**RECORDS SUPPLIED**.
BEGIN
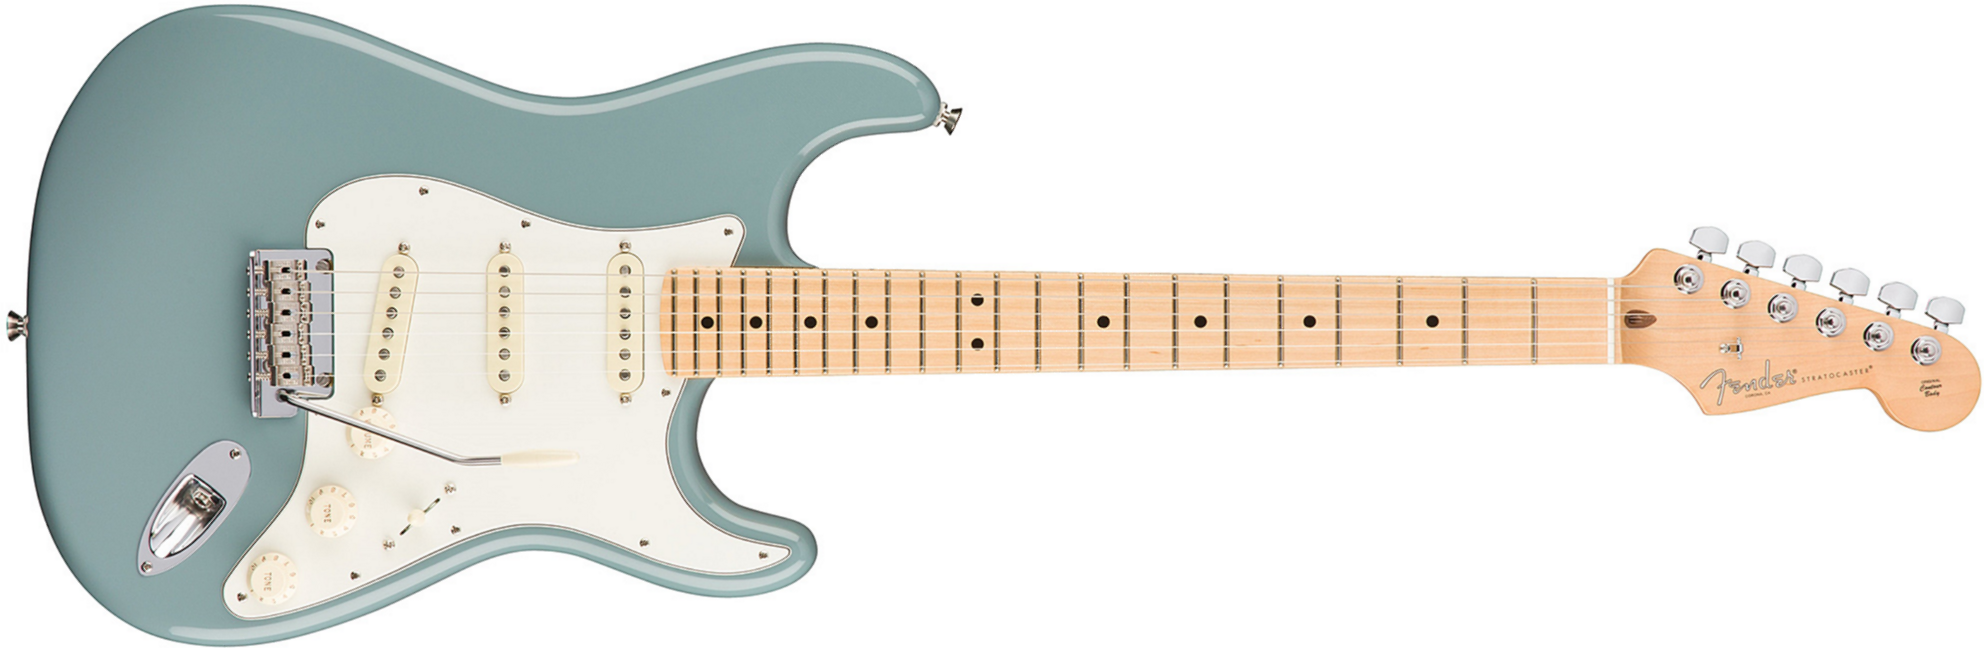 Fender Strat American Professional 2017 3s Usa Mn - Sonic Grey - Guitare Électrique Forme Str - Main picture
END
BEGIN
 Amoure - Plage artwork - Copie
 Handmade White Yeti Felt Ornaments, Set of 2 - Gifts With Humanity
END
BEGIN
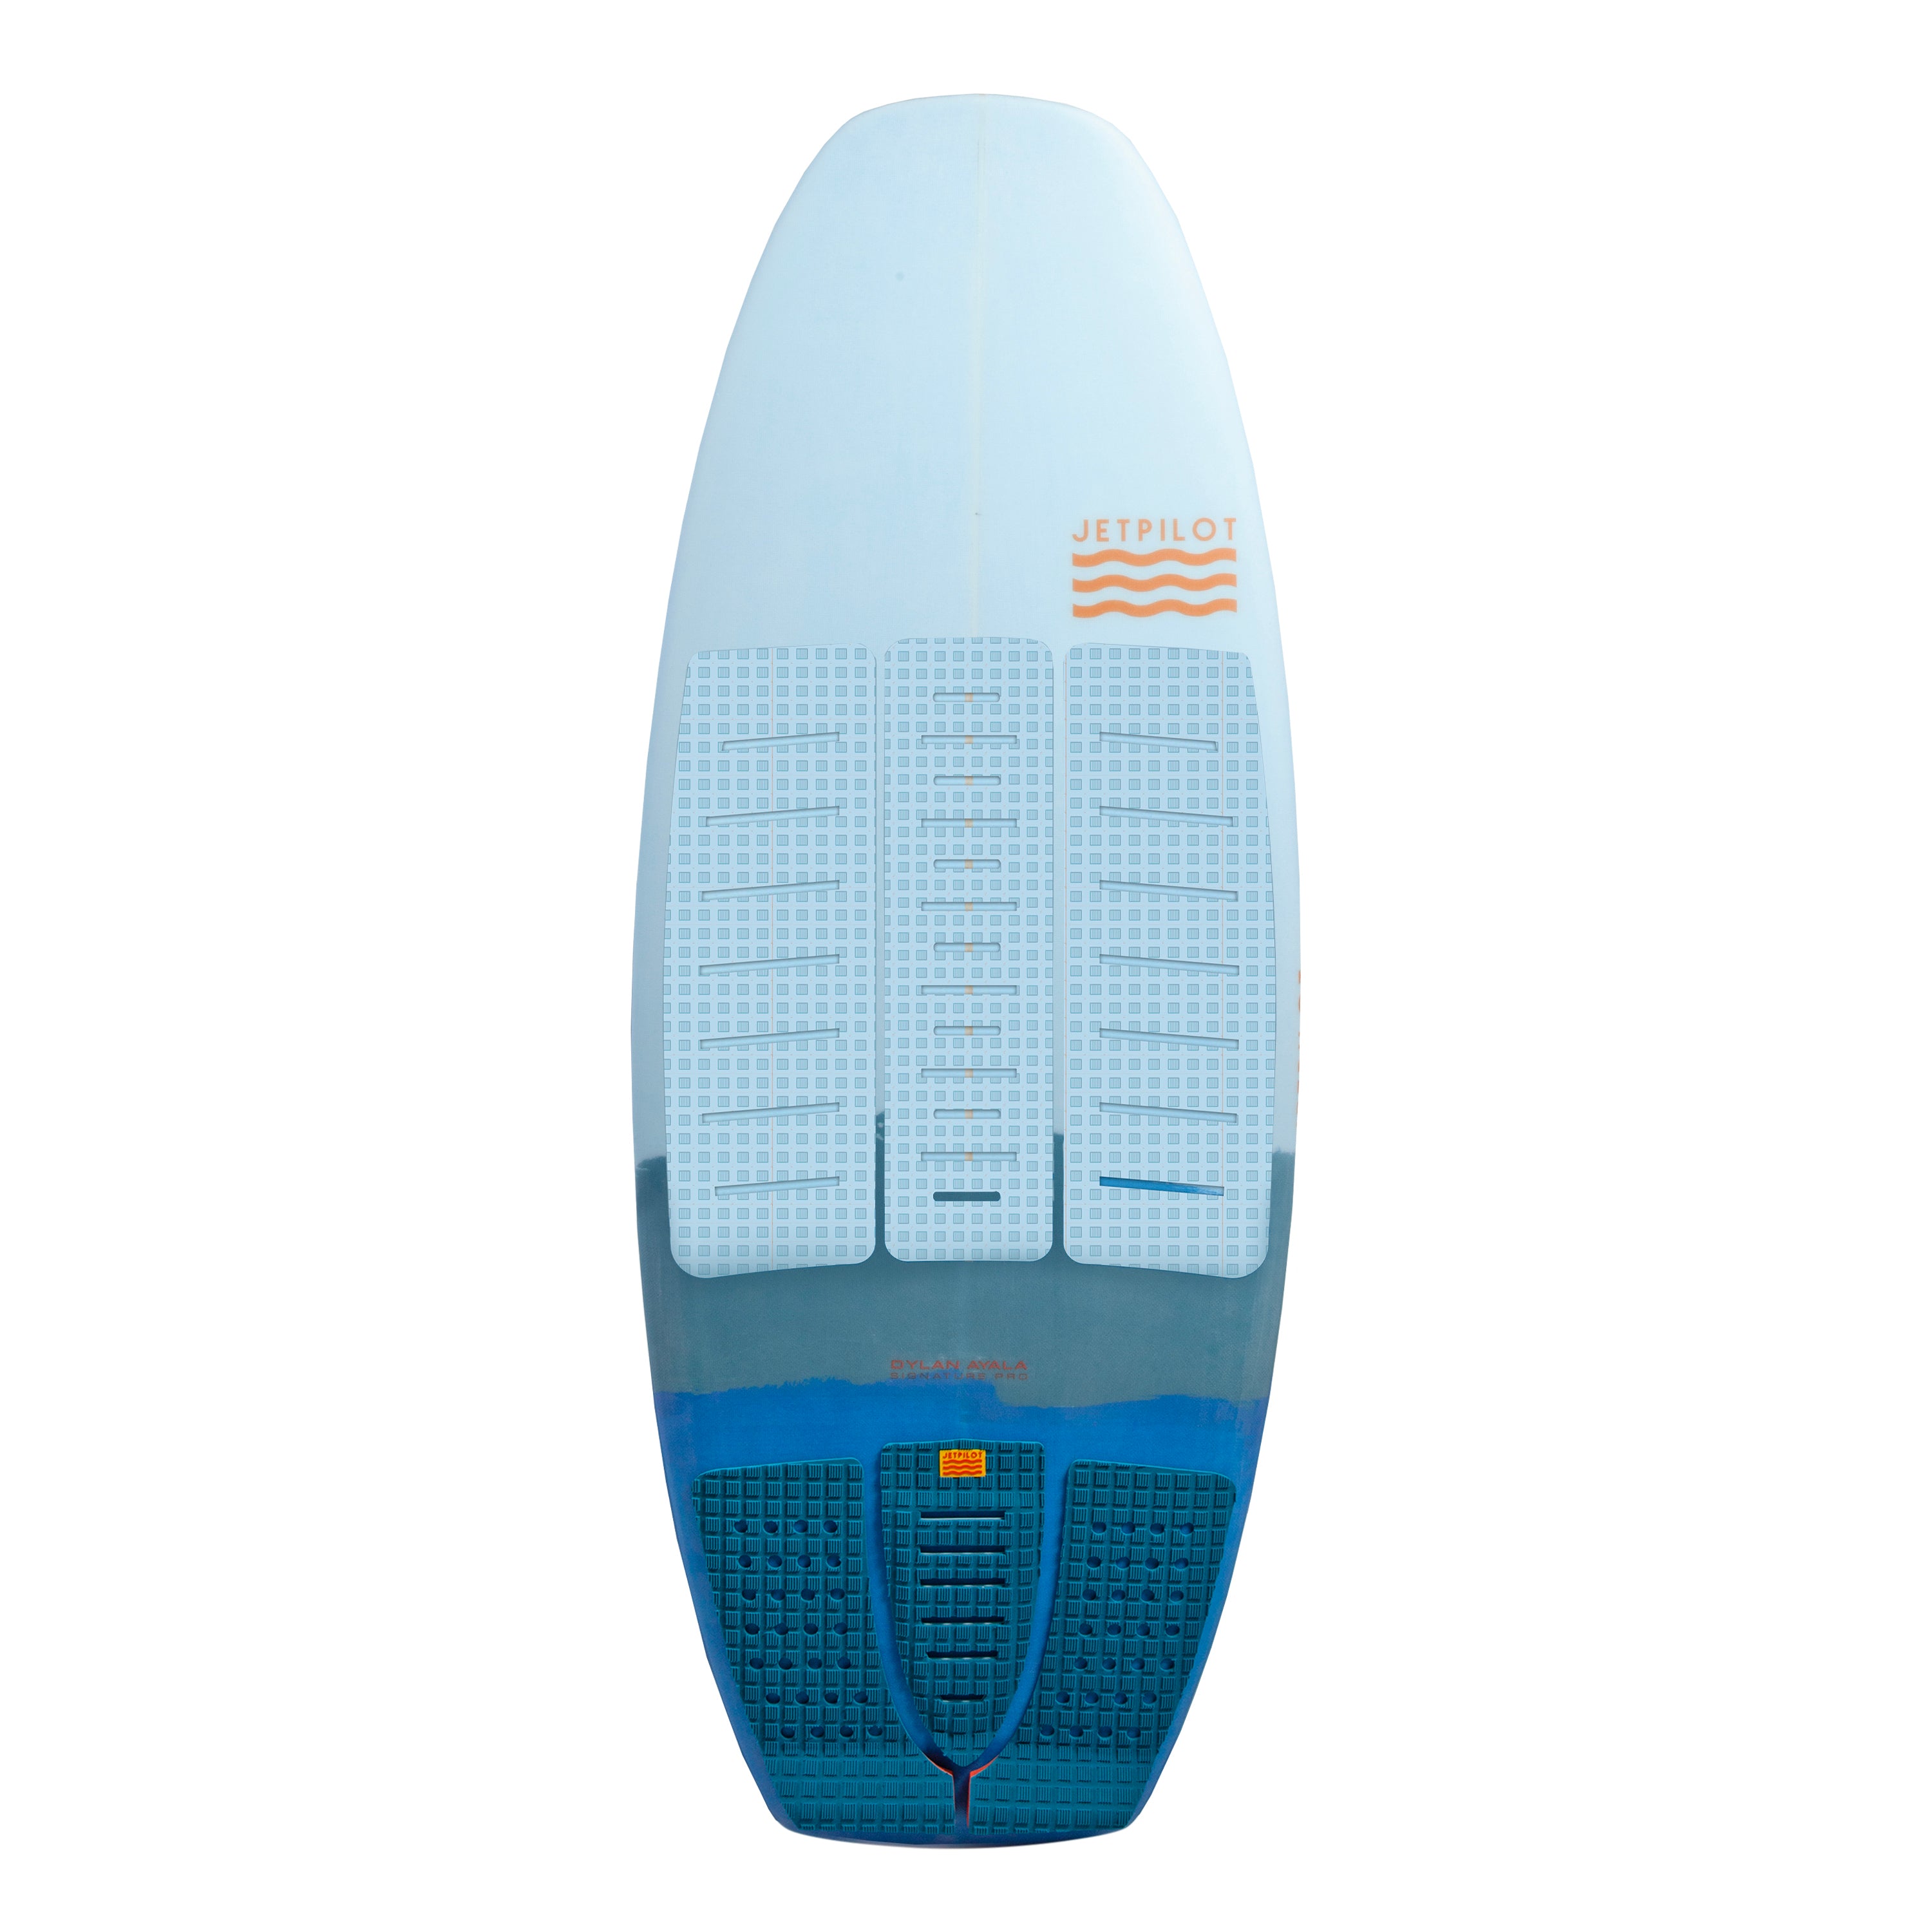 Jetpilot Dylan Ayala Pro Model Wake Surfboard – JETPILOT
END
**EXERCISE BRIEF**.
Considering only the material above, set down every line from the one with "Amoure - Plage artwork - Copie" to the one with "Handmade White Yeti", inclusive, exactly as written.

**SOLUTION**.
 Amoure - Plage artwork - Copie
 Handmade White Yeti Felt Ornaments, Set of 2 - Gifts With Humanity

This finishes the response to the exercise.